В чем же собственно должно лежать разрешение этого вопроса?

Ответ можно найти в кратком рассмотрении различных предложений пересмотра договора (treaty revision), сделанных японскими государственными людьми иностранным представителям, или обратно. Их история была историей непрерывного разочарования и неудачи; но в то же время она была отмечена некоторыми знаками последовательного развития, что, конечно, может служить руководством государственным людям настоящего времени. Трижды за последние десять лет японские министры иностранных дел делали предложения договорным державам (treaty Powers). Первый из них был граф Инуэ (Inoue), настоящий министр внутренних дел, который в 1882 году первоначально склонял к окончательному уничтожению консульской юрисдикции и ad interim к обсуждению условий. В 1886 г. была созвана предварительная конференция, на которой были последовательно предложены записки, составленные [103] британским и японским правительствами. Переговоры продолжались до тех пор, пока в 1886 г. не была собрана в Токио конференция из всех договорных держав, на которой, по инициативе английского и германского правительств, был предложен и прошел через многие предварительные стадии рассмотрений и одобрений окончательный проект. По этому проекту в японском суде должно заседать большое число иностранных судей; условия назначения и удаления их от должности возбудили много неприязненной критики в туземной прессе. Согласно тому же проекту выработка свода законов и будущие в них изменения должны быть предоставлены иностранным державам, что тоже послужило источником народного раздражения. Ничего нет удивительного, что переговоры относительно этих пунктов в 1887 г. не привели ни в чему; при этом весьма жаль, что с этим был упущен случай придти в соглашению, хотя бы и при более скромных требованиях, что было бы много выгоднее для горсточки иностранцев, чем ожидание какого-либо будущего договора.

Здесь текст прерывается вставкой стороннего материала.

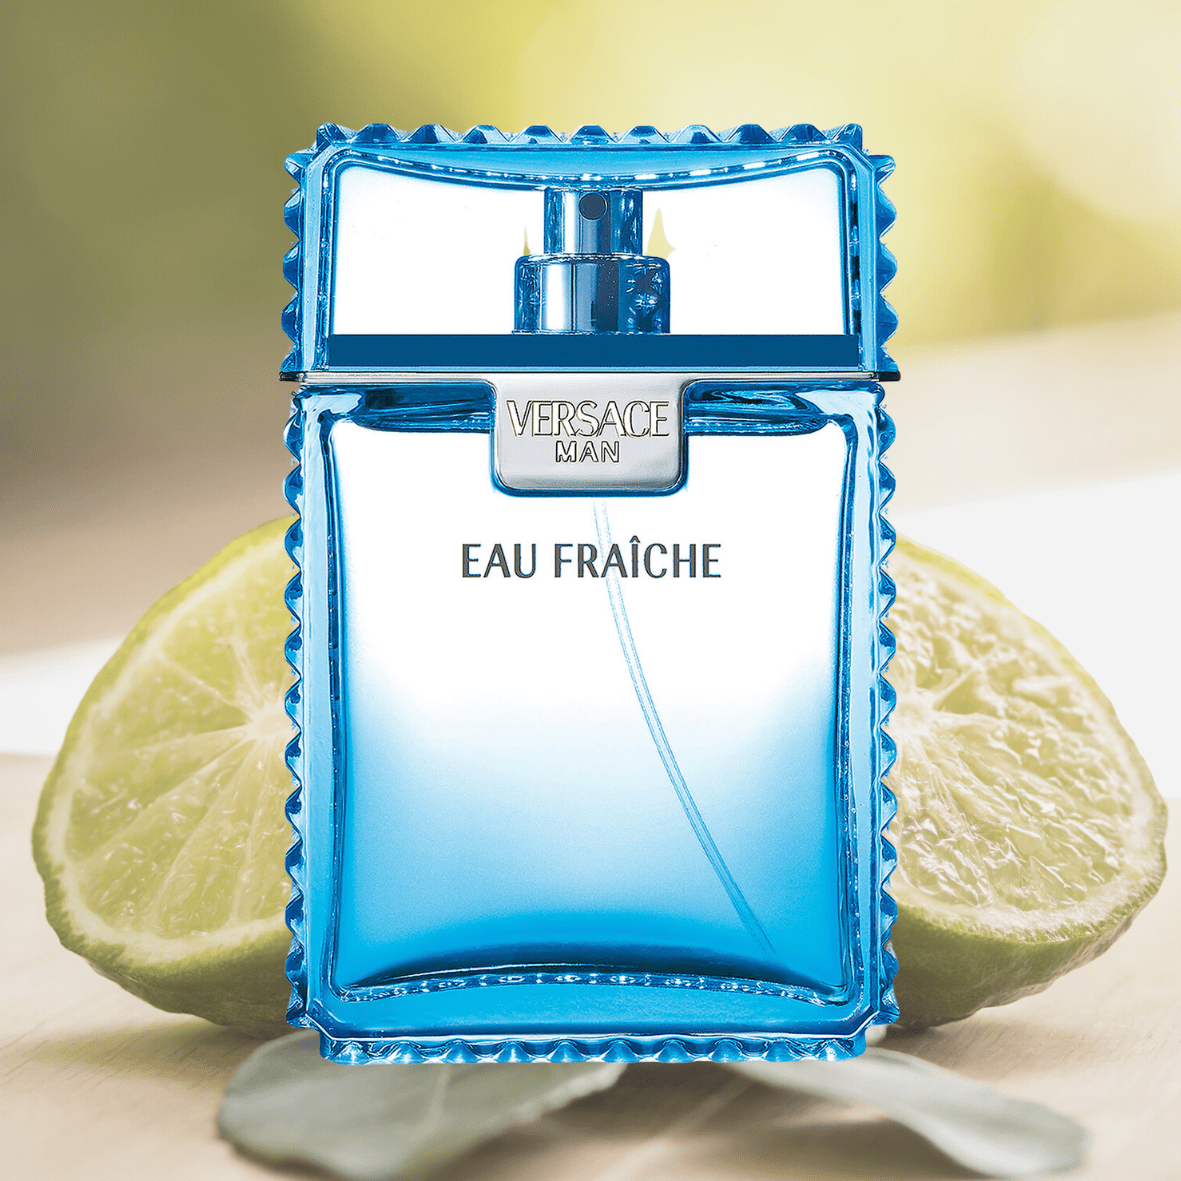 Best Bergamot Fragrances For Men & Women
Versace Man Eau Fraiche

Не смутившийся неудачею своего предшественника, граф Окума возобновил переговоры в 1888 г., но, будучи научен опытом в ошибочности ведения дела с представителями 18-ти наций, при их противоположных интересах, он лично пошел к ним на встречу, предложив, вместо выработанного проекта судов с иностранными судьями, присутствовать большинству иностранных ассессоров в высшем суде при разборе дел, в которых замешаны иностранцы. При этом должно было пройти три года между обнародованием обещанных законов и окончательным уничтожением консульской юрисдикции. Соединенные Штаты, Германия и Россия уже подписали договоры, а Великобритания, которую обширное преобладание торговых интересов в Японии делает во всех случаях посредником, находилась по отношению такого окончания в положении умеренной сдержанности, так как некоторые вопросы относительно сущности и размера обеспечения, которое должно быть дано иностранцам за отправление правосудия, еще не были решены, как вдруг, вследствие уже ранее возбужденного общественного мнения [104] Японии предполагаемым назначением чужеземных судей и затем еще более воспламененного обнародованием новой парламентской конституции и предстоящими выборами для первого сейма, — последовало, в октябре 1889 года, покушение на жизнь графа Окума при помощи динамитной бомбы. Государственному мужу удалось спастись хотя и серьезно искалеченным, а убийца лишил себя жизни. Но его дело было выиграно, потому что еще раз пересмотр договора (treaty revision) выскочил, подобно горячему углю, из рук посланников в Токио.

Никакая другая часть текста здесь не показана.